Ketua Ormas Gabungan Inisiatif Barisan Anak Siliwangi (GIBAS) Kota Bekasi Deni M Ali, dihubungi terpisah, mengatakan, surat tugas itu diberikan oleh orang per orang, tetapi atas pengajuan ormas. Tujuannya, mereka ingin membantu pemerintah memberdayakan masyarakat yang tidak mempunyai penghasilan. ”Nah, kami memberikan kesempatan kepada mereka daripada mereka hanya nongkrong-nongkrong. Paling tidak bisa jadi juru parkir,” kata Deni.
Ia menambahkan, pihaknya juga sama sekali tidak mendapatkan sedikit pun jatah parkir dari pemerintah. Hasil dari penarikan biaya parkir diserahkan sendiri oleh tukang parkir kepada Bapenda.
”Jadi, kami niatnya untuk bantu pemerintah. Kedua, Kota Bekasi bukan kota preman. Ormas itu sah secara hukum karena kami punya SK pembentukan yang dikeluarkan langsung Kementerian Hukum dan Hak Asasi Manusia,” ujarnya.
Seperti diketahui, kasus ini mencuat setelah ada sejumlah video yang viral di media sosial. Dalam video itu tampak sejumlah ormas diduga mengintimidasi pengelola minimarket dalam hal pengelolaan parkir. Kejadian itu terjadi pada 23 Oktober 2019.
Harus transparan
Pengamat kebijakan publik Universitas Islam 45 Bekasi, Adi Susila, mengatakan, pengelolaan parkir dari sisi kebijakan memungkinkan untuk dikelola oleh masyarakat. Namun, dalam pengelolaannya harus berdasarkan ketentuan hukum yang berlaku.
”Substansinya sekarang itu trennya seperti itu. Jadi, pemerintah berkolaborasi dengan masyarakat dan pihak swasta,” kata Adi, saat dihubungi terpisah, Selasa, di Bekasi.
Adi menambahkan, yang perlu diperhatikan saat ada kolaborasi yakni teknis pelaksanaan. Sebab, dalam pelaksanaannya, sering kali muncul peluang terjadinya penyimpangan. Jika pelaksanaannya buruk, dikhawatirkan uang dari pengelolaan parkir minimarket tidak sampai ke kas daerah.
”Jadi, sistemnya harus diperbaiki dulu supaya tidak bocor. Ini harus dikelola secara good governance atau tata kelola pemerintah yang baik. Misalnya, dengan sistem pelelangan,” katanya.
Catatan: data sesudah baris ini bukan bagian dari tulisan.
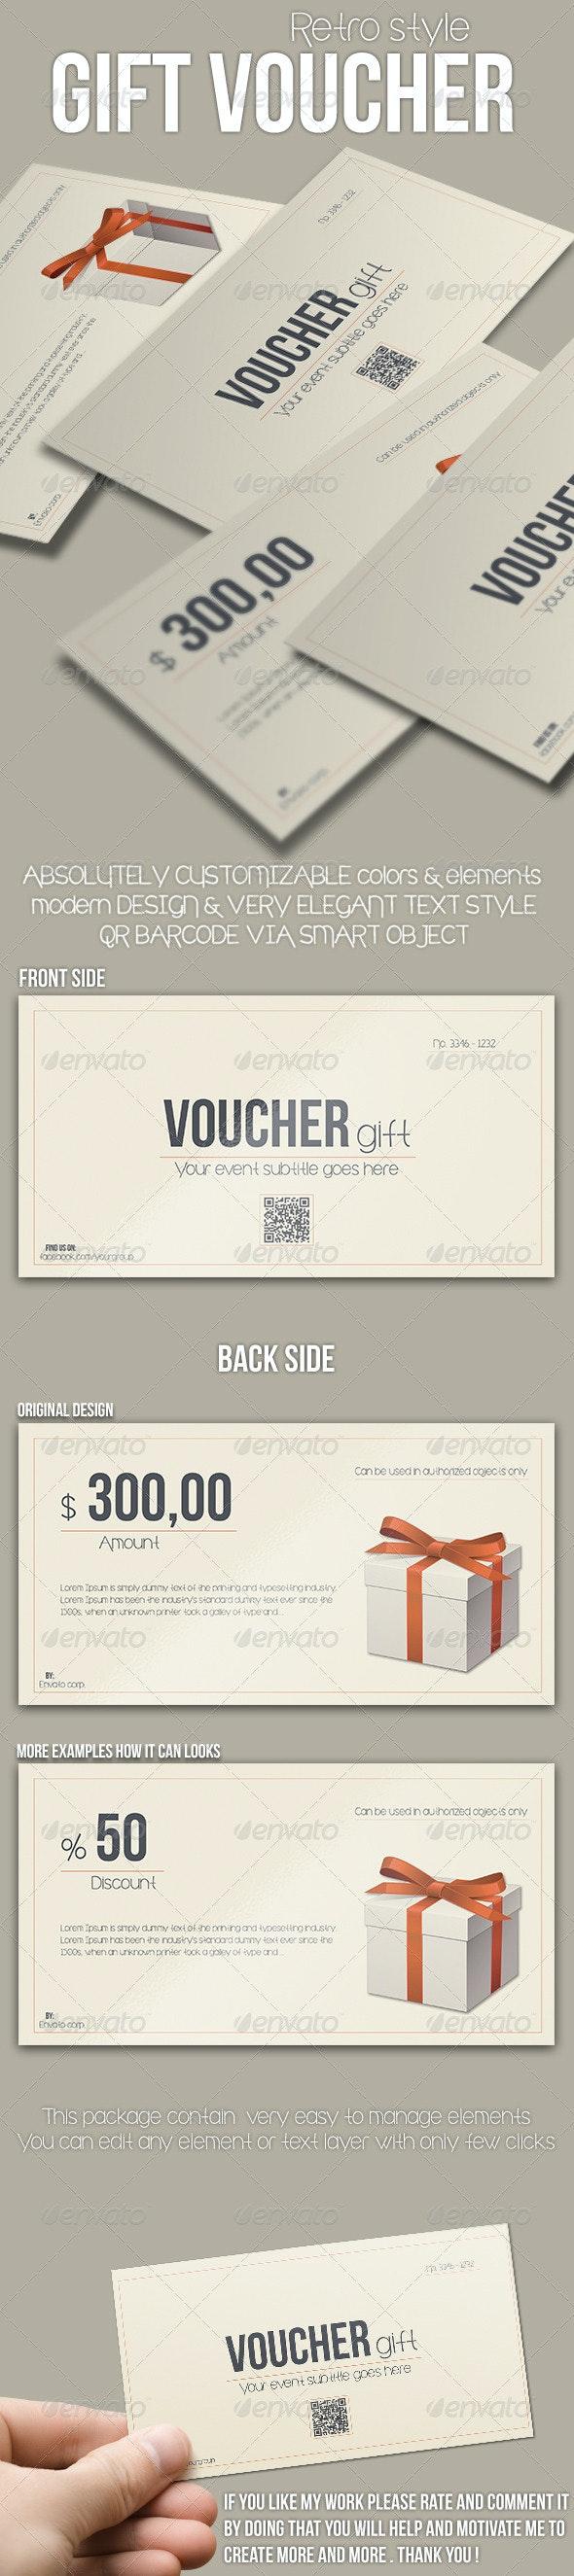 Multipurpose Retro Voucher - Cards & Invites Print Templates

Sistem pelelangan itu, kata Adi, dilakukan pemerintah dengan dibuka secara luas agar diketahui masyarakat. ”Jadi, masyarakat bisa mengajukan diri dengan melengkapi persyaratan yang ditetapkan pemerintah. Tidak bisa tiba-tiba menunjuk satu kelompok karena itu bisa masuk kategori KKN,” ucap Adi.